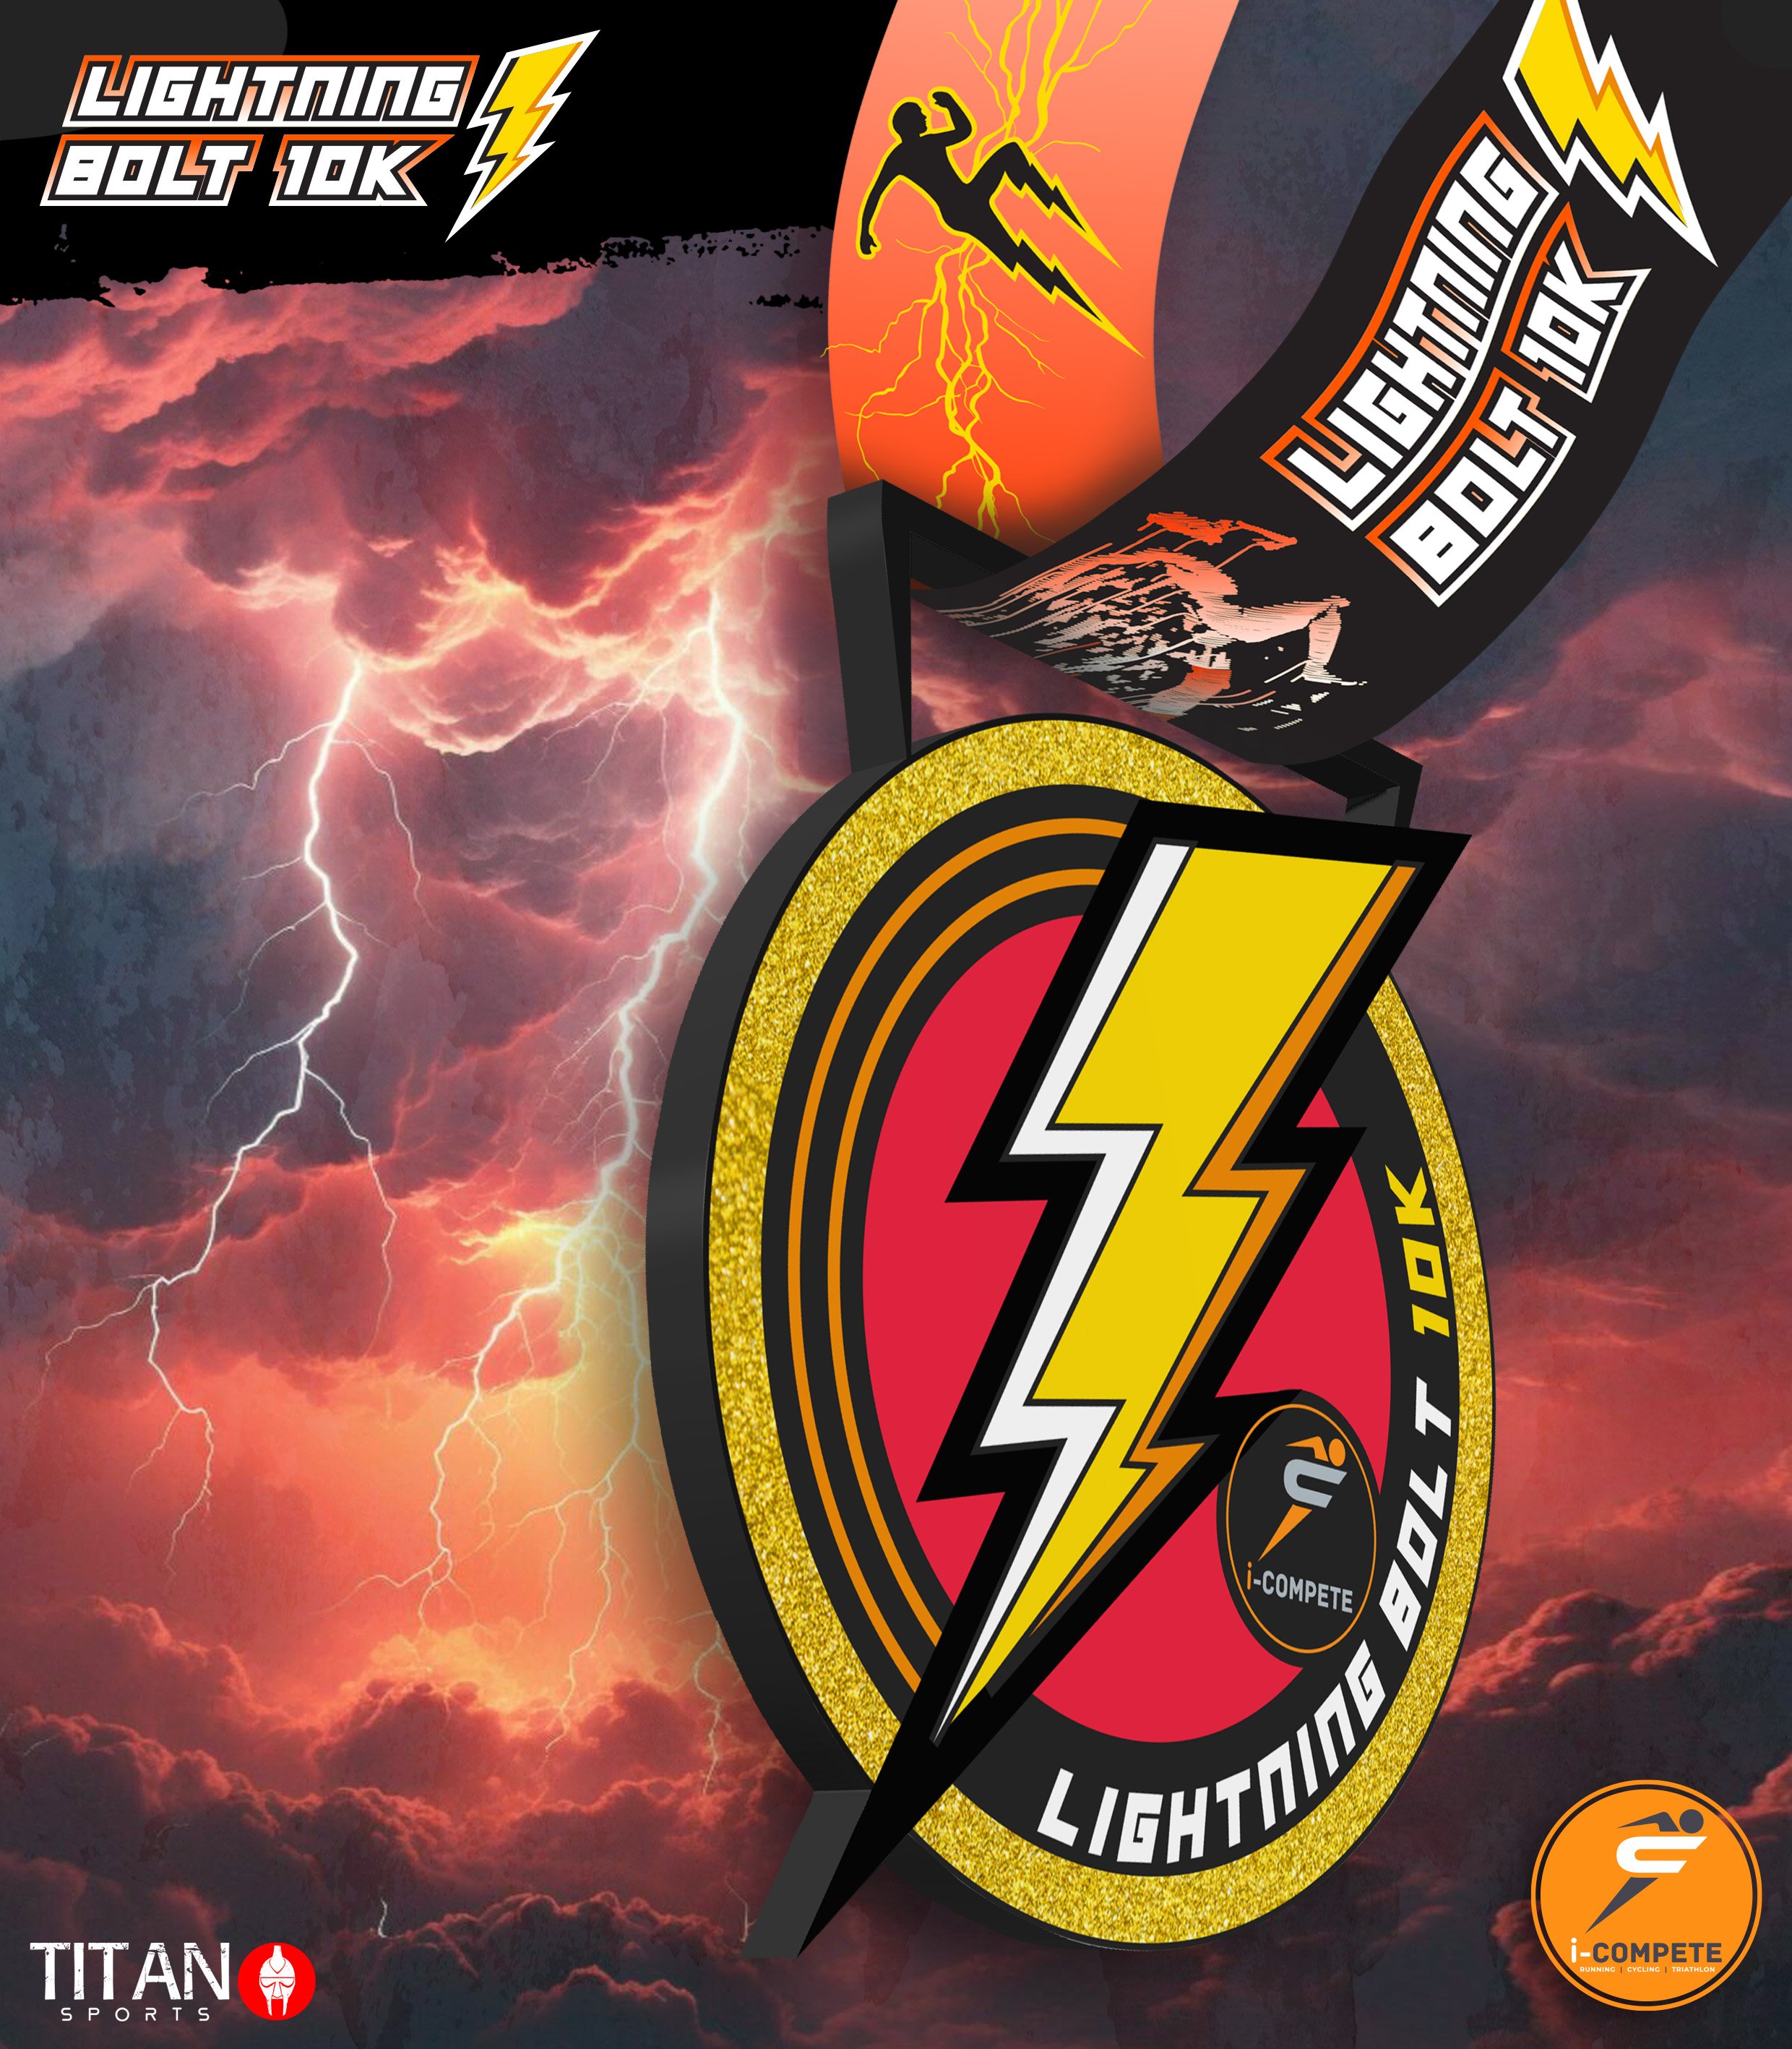 Lightning Bolt Promo Image.jpg
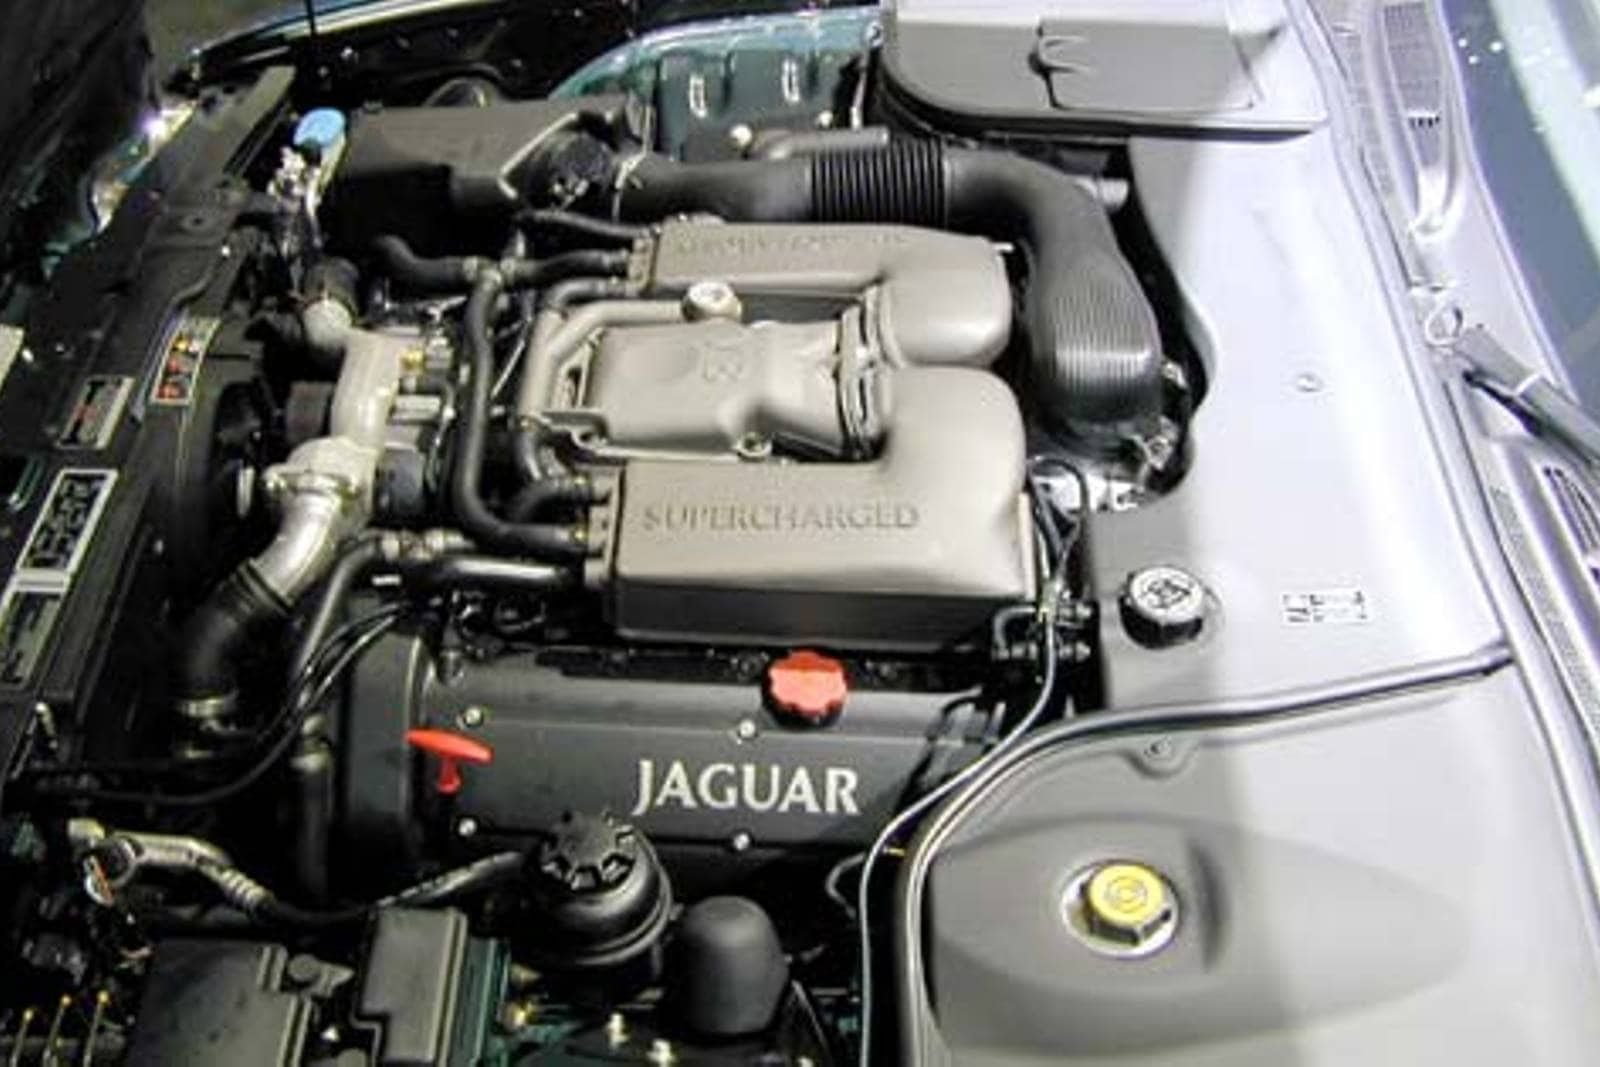 2002 Jaguar XKR - 2002 Jaguar XKR Convertible, metal Anthracite Black Exterior, black Leather interior - Used - VIN SAJDA42B32PA26563 - 61,000 Miles - 8 cyl - 2WD - Automatic - Convertible - Black - Miami, Fl, Usa, FL 33178, United States
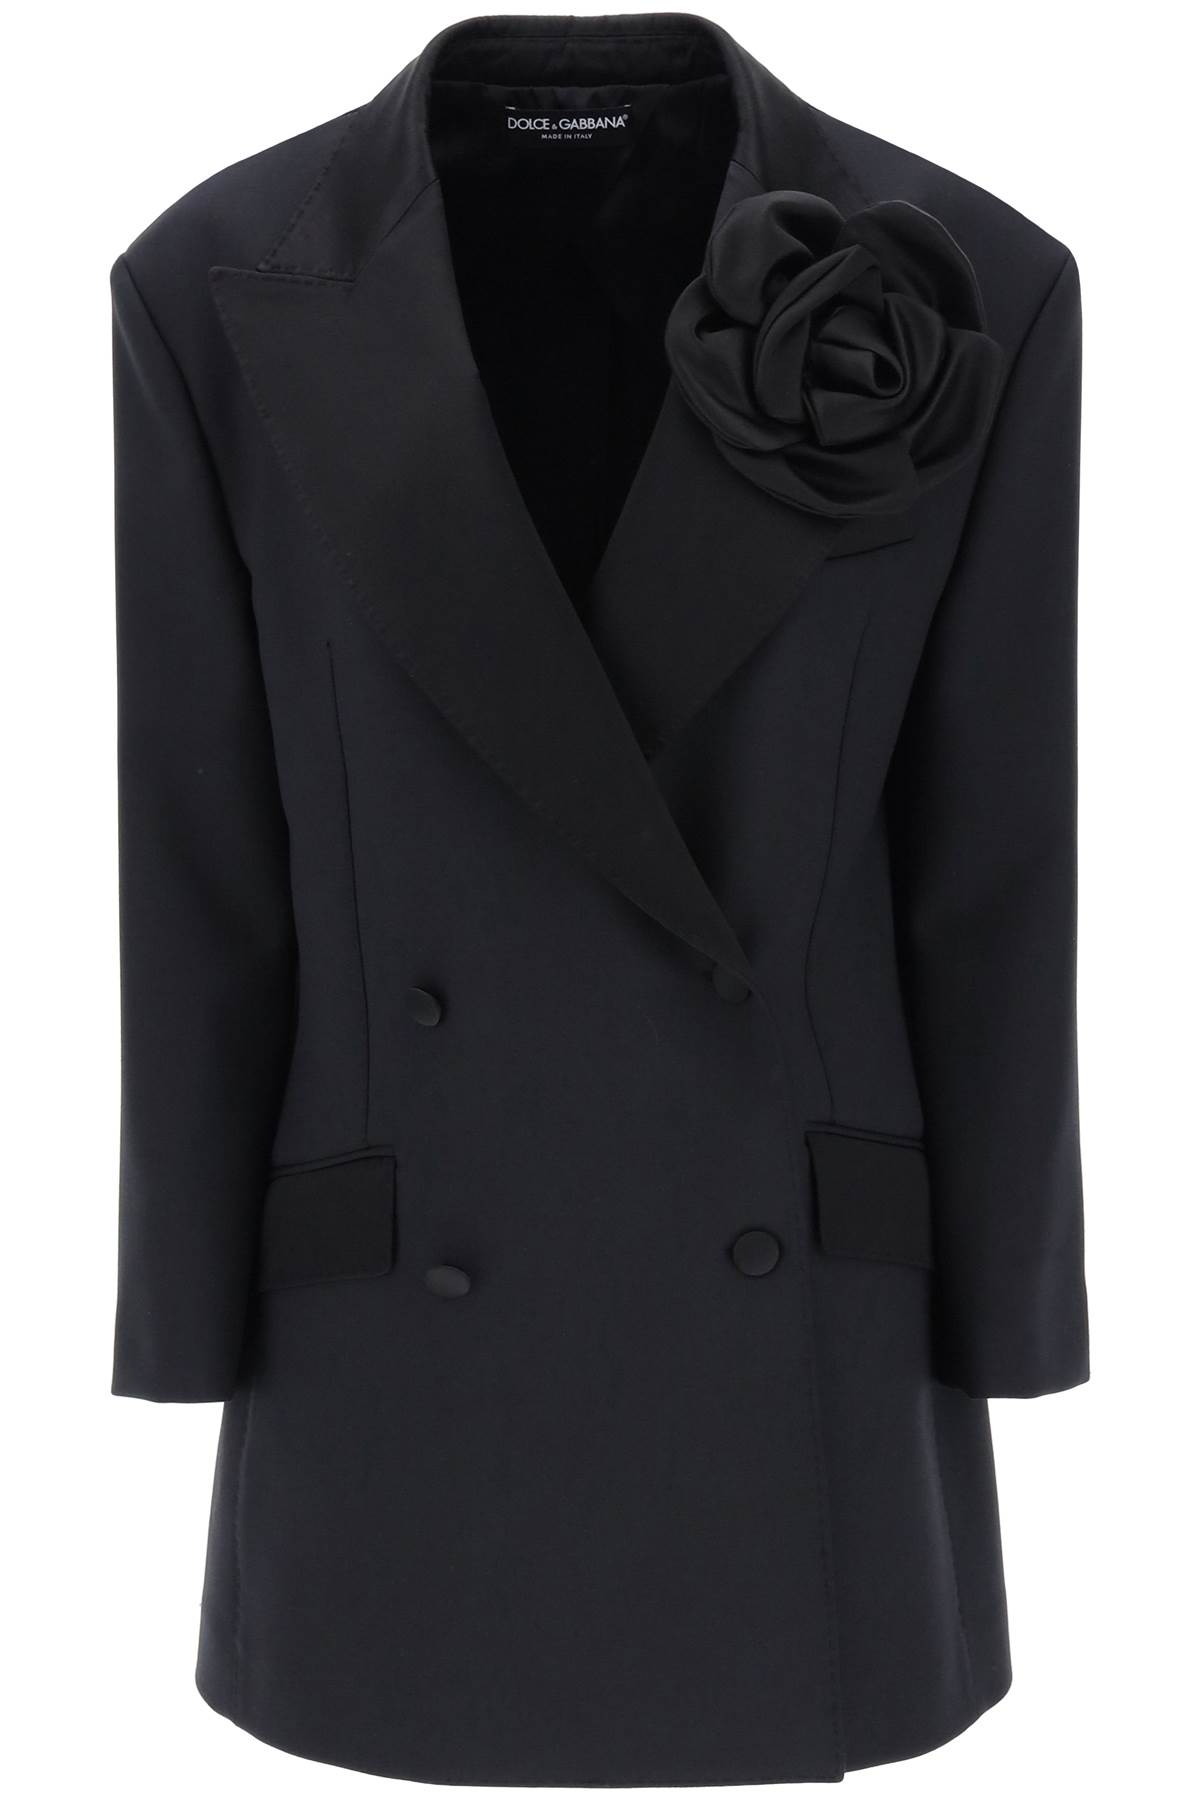 Dolce & Gabbana Blazer Jacket In Nero

---+---

Directions for this task
A word-for-word copy of all the data is required, minus the pictures.

Task solution
 Lightning Bolt Promo Image.jpg
 2002 Jaguar XKR - 2002 Jaguar XKR Convertible, metal Anthracite Black Exterior, black Leather interior - Used - VIN SAJDA42B32PA26563 - 61,000 Miles - 8 cyl - 2WD - Automatic - Convertible - Black - Miami, Fl, Usa, FL 33178, United States
 Dolce & Gabbana Blazer Jacket In Nero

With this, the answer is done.